## [What you will do]
Restate word for word the lines of the records below, starting at the line that contains "Siebdruck und Acryl" and ending at the line that contains "2007 erregte internationales", with both of those lines included and nothing else.

## [Record excerpts]
★ ★ ★ ★ ★ ★ ★

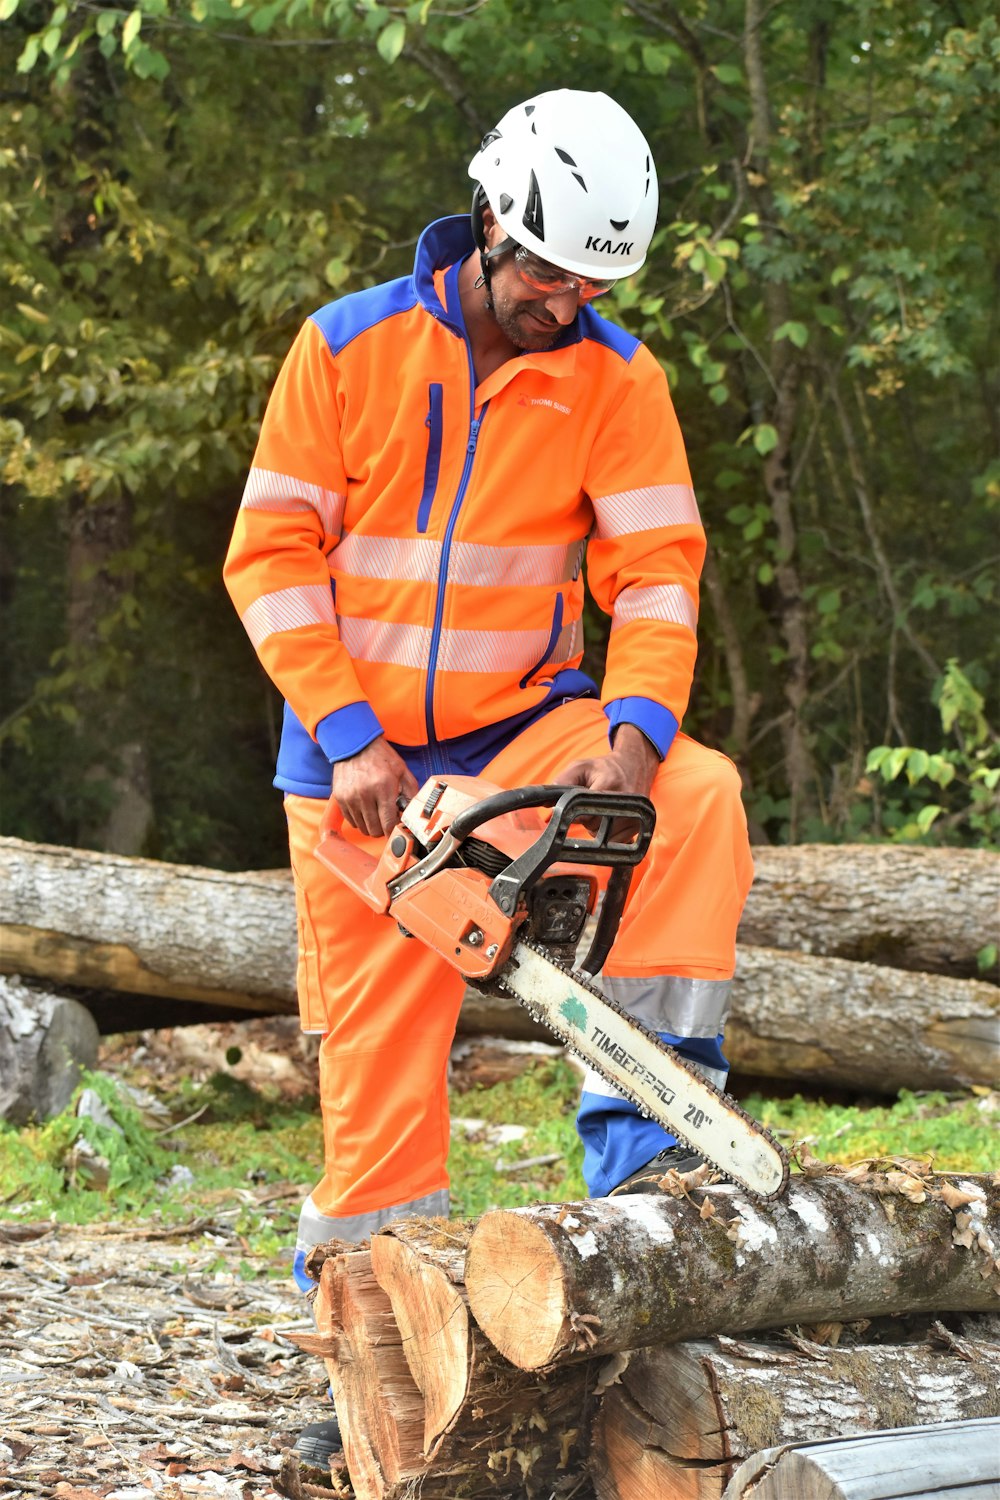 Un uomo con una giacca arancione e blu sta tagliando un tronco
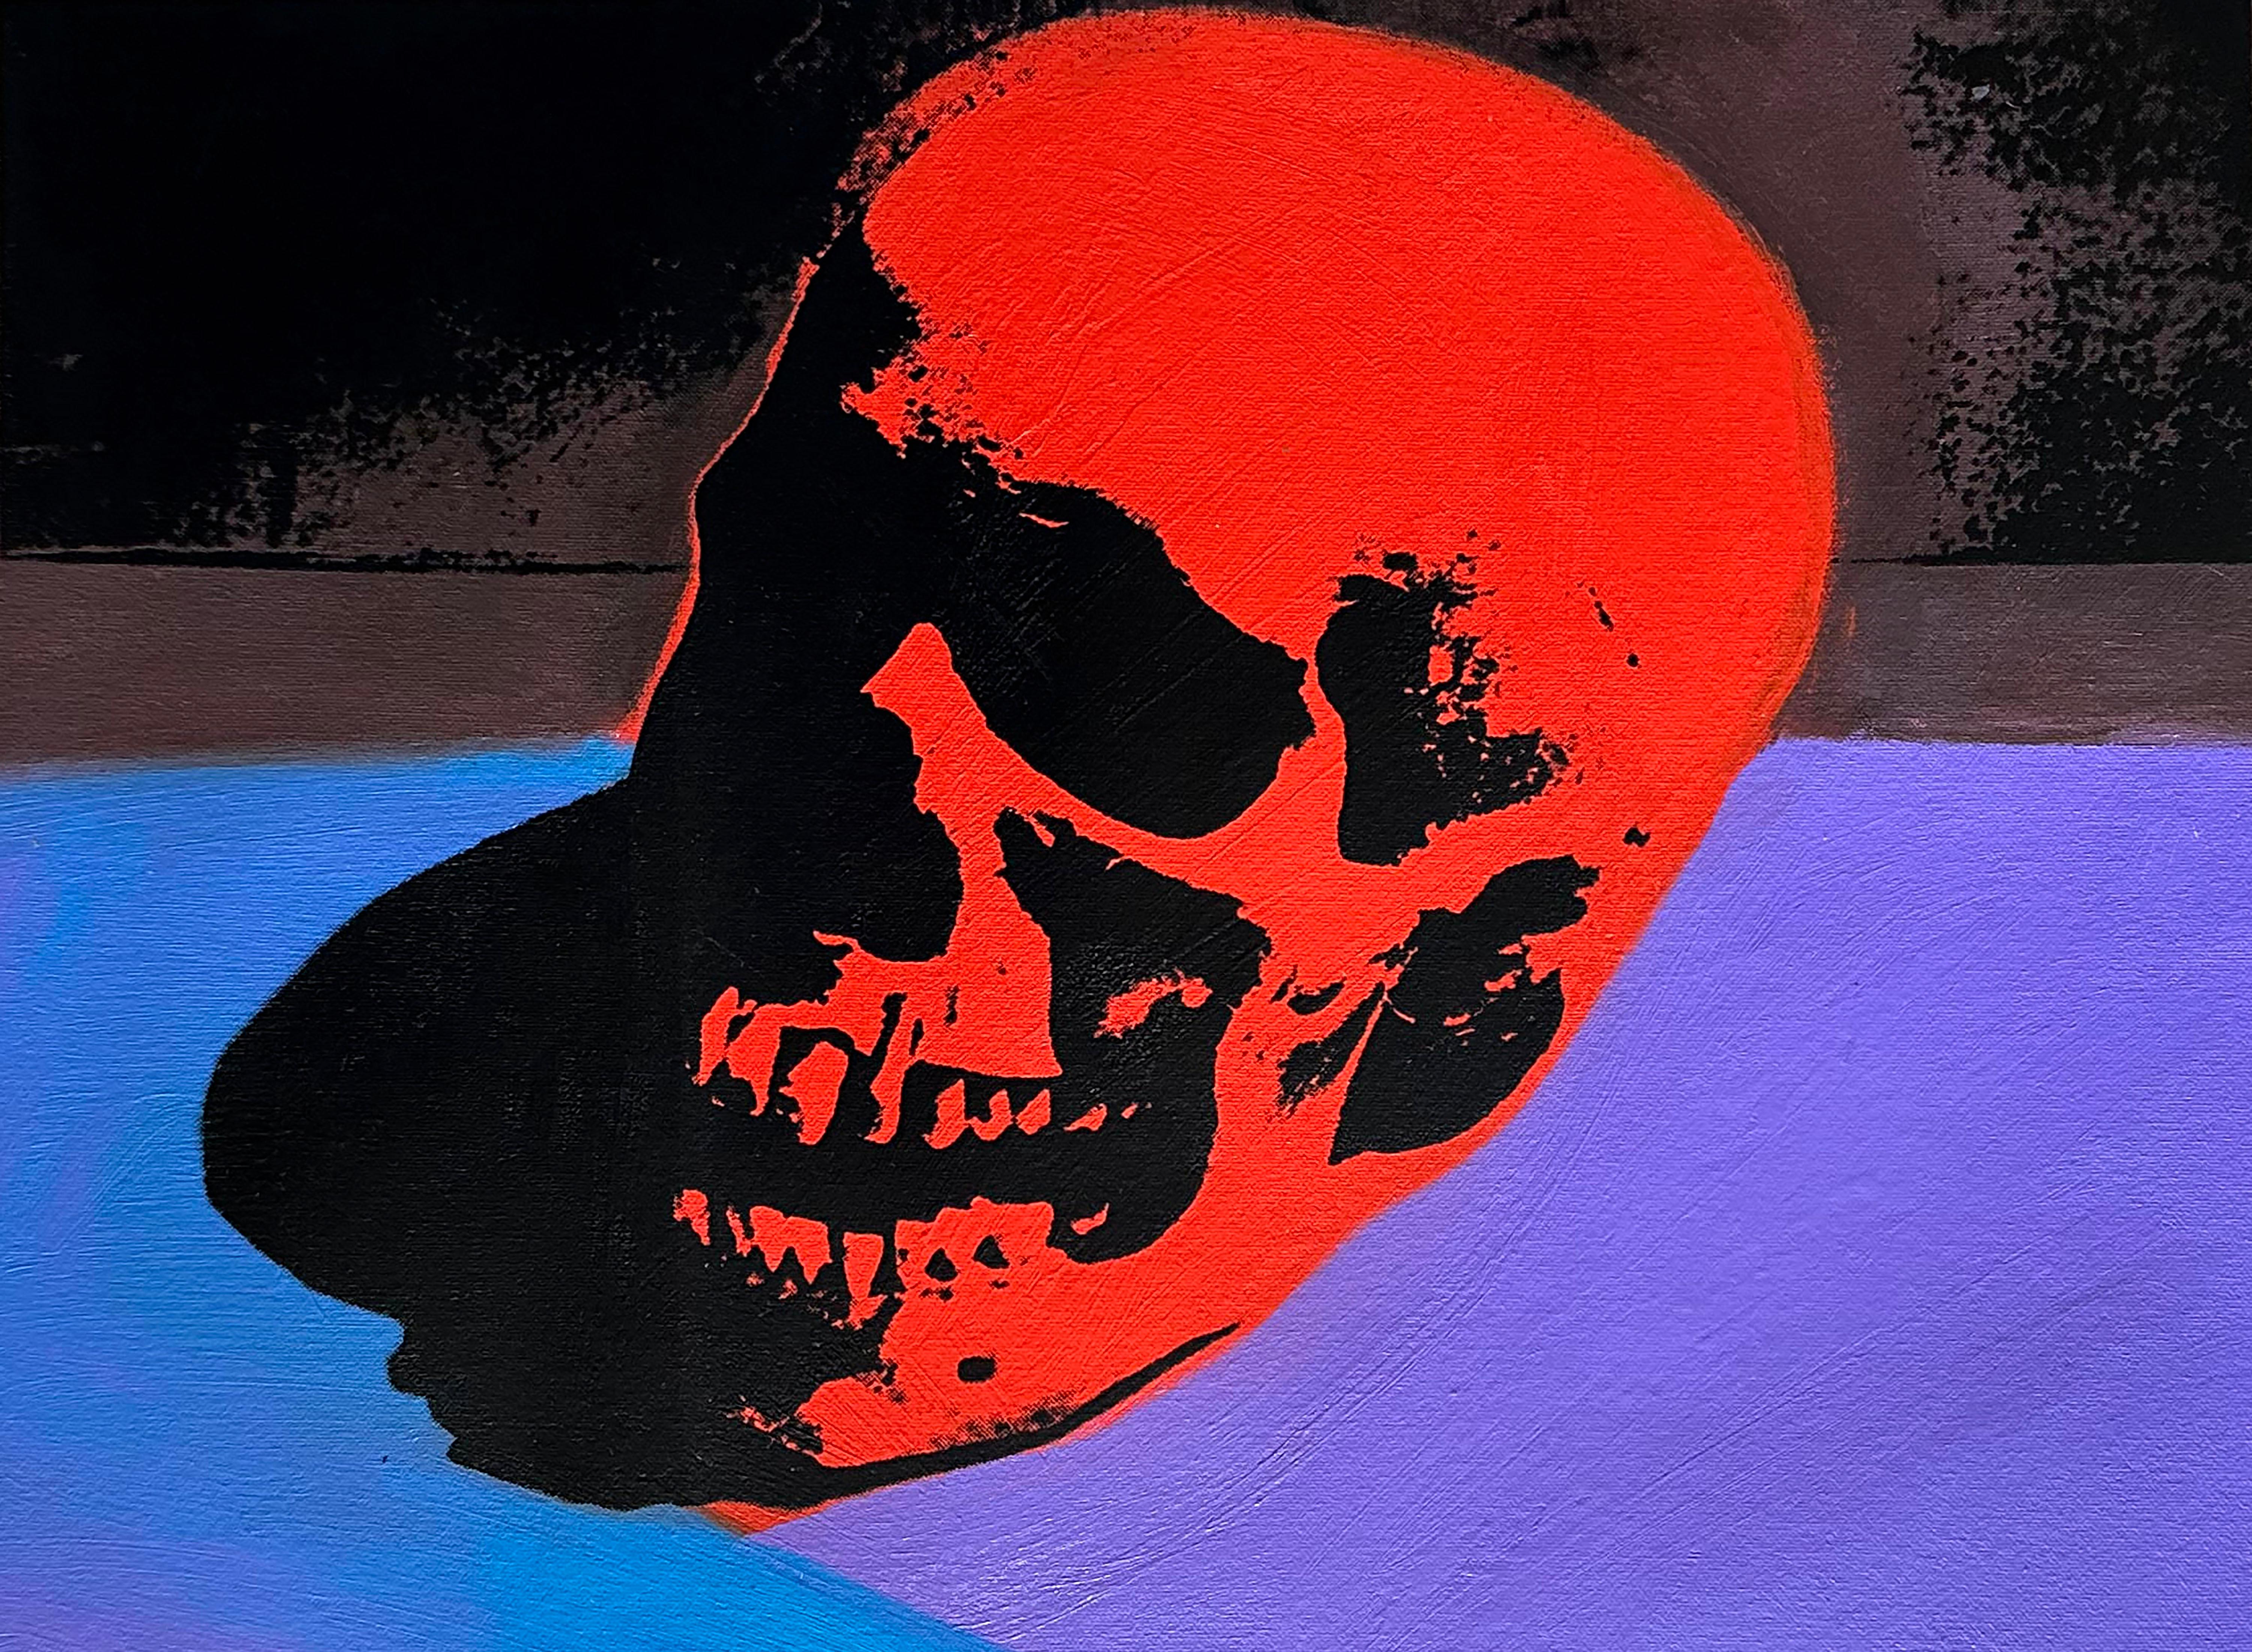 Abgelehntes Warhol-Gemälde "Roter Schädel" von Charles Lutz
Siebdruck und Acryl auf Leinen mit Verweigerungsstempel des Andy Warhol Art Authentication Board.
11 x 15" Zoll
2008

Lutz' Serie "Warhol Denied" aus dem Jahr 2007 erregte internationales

★ ★ ★ ★ ★ ★ ★

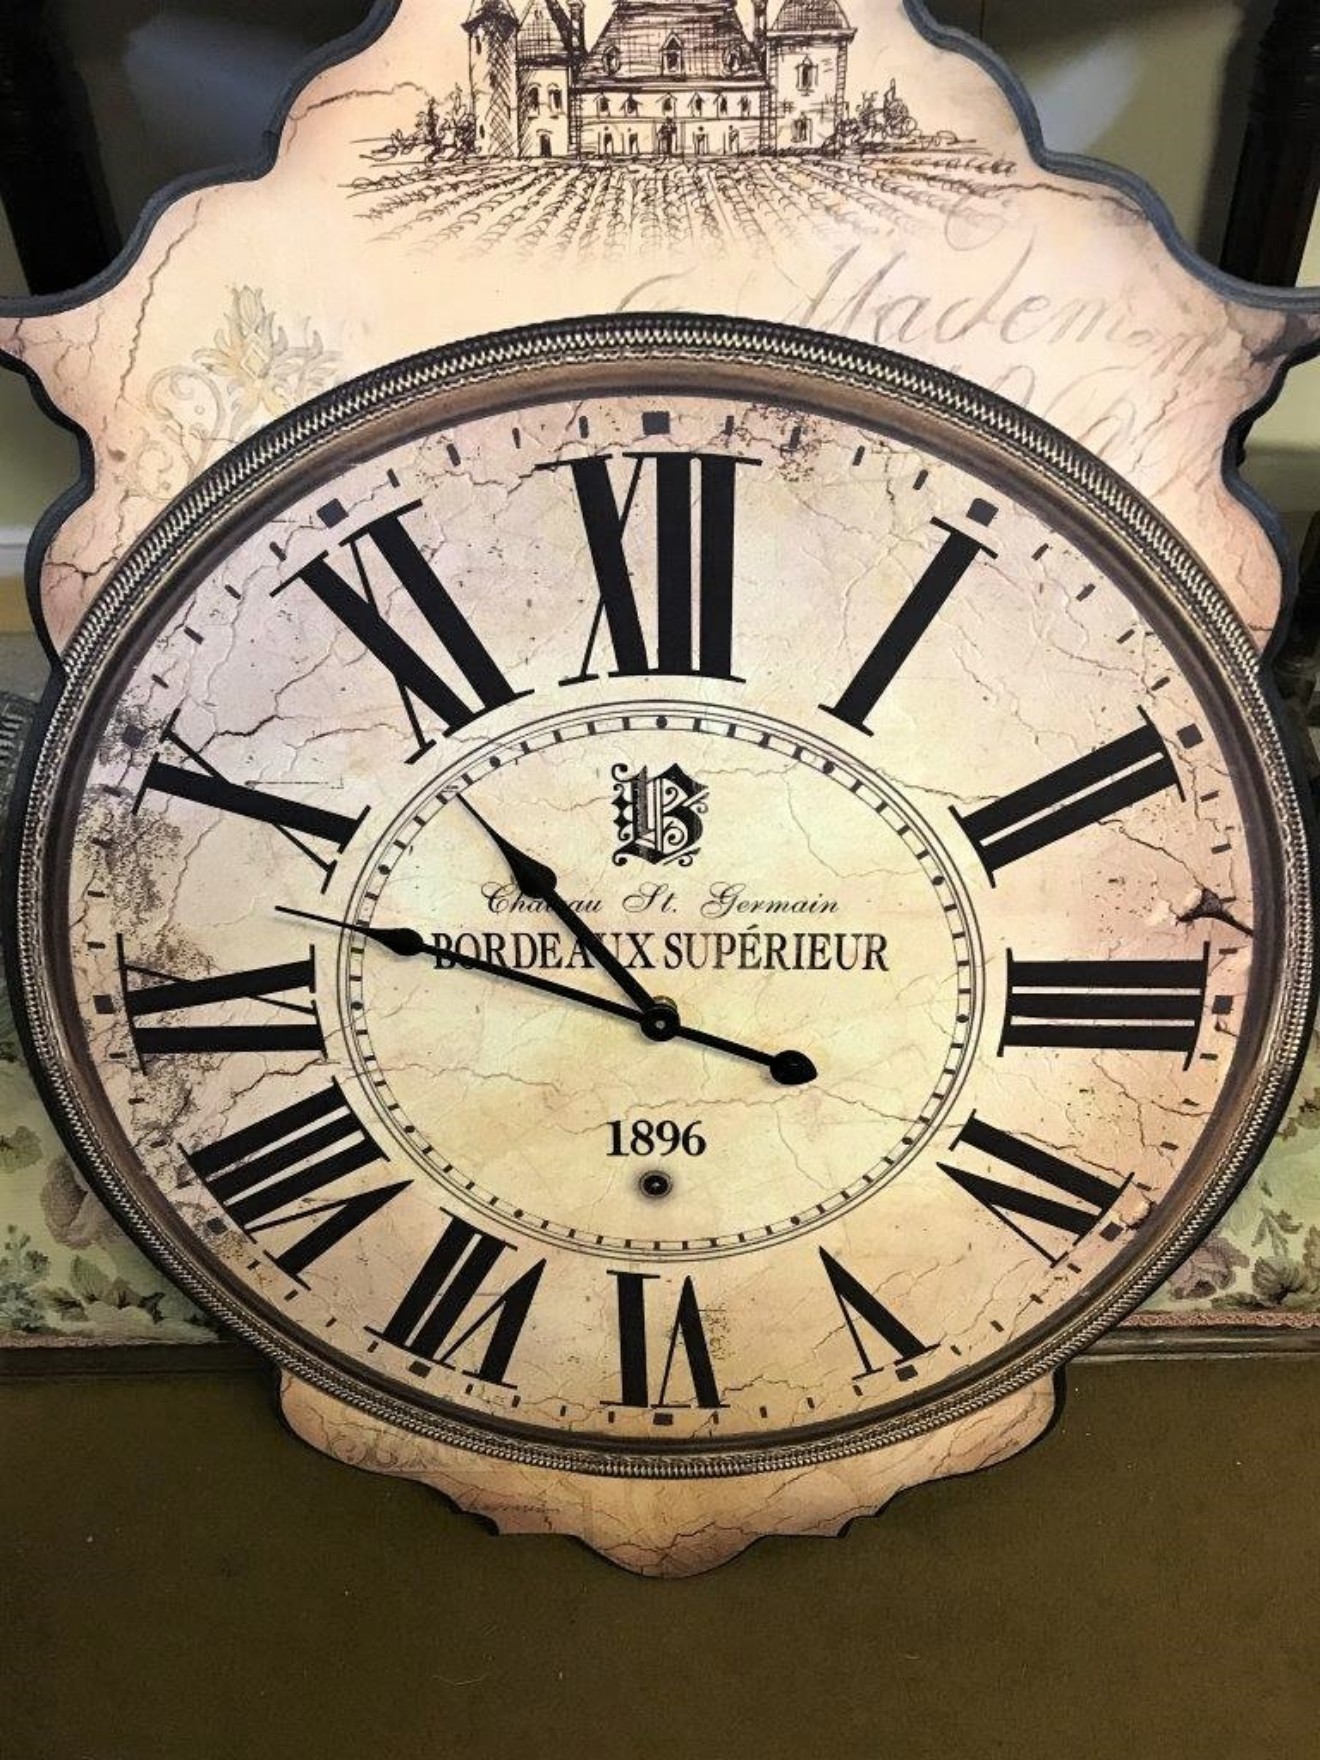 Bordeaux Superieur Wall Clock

★ ★ ★ ★ ★ ★ ★

## [Answer to the exercise]
Siebdruck und Acryl auf Leinen mit Verweigerungsstempel des Andy Warhol Art Authentication Board.
11 x 15" Zoll
2008

Lutz' Serie "Warhol Denied" aus dem Jahr 2007 erregte internationales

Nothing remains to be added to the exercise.